Nah, you broke it! :-) The confusion likely comes from the fact that all the references you're looking at consider an "S" that is a single simplex. In that case, yes, the star consists of all simplices that contain "S". But now think about what happens if "S" consists of, say, two distant vertices. Your definition, that "S" must be a subset of every simplex in the star, implies that the star is empty! Sure, I guess you could define it that way... but it is far more useful (and quite conventional) if the star of two vertices is the union of the stars of each vertex. Which is why the original definition was the set of all simplices in "K" that have any faces in "S" (rather than all the faces, as your definition implies).
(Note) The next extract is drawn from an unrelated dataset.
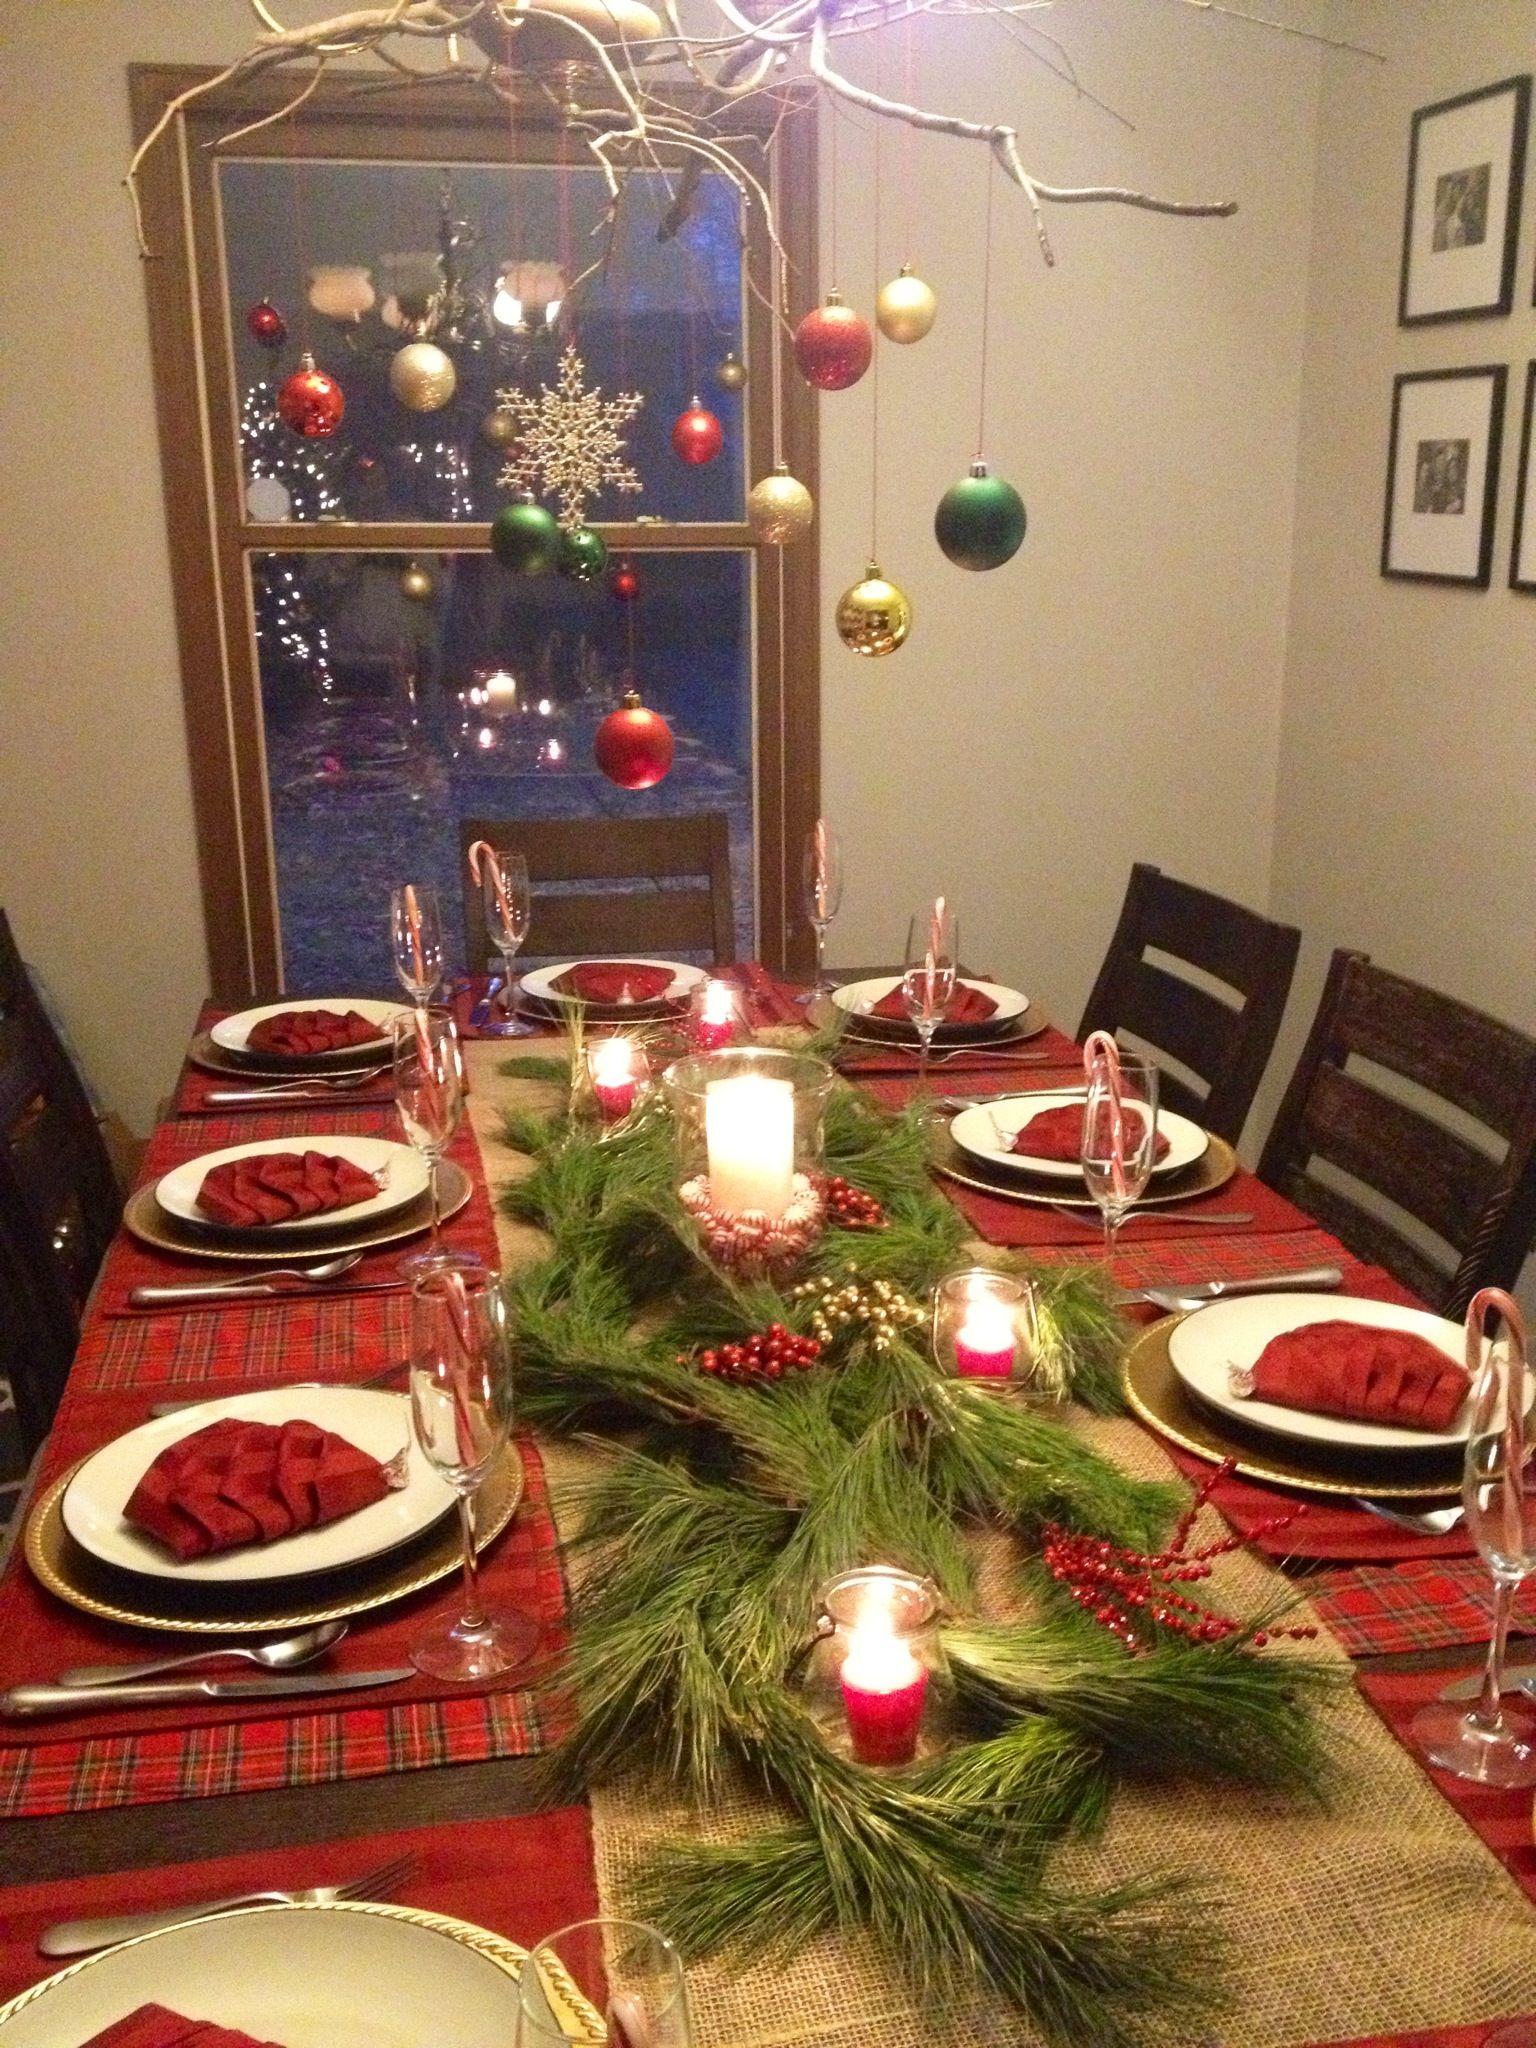 Christmas Dinner Table Decorations Christmas Decorations Dinner Table Christmas Dinner Table Settings Christmas Dinner Table

Yes maybe this is the confusion. But the two definitions do not agree when S is a single simplex. If S is, say, an edge in a triangulation of a surface, then the star of S (according to every source I've ever seen except this article) is the union of the two faces which have S as an edge. According to "your" definition, the star of S would additionally contain all edges and faces which intersect with any of the two vertices of S. Do you have a specific source for your definition?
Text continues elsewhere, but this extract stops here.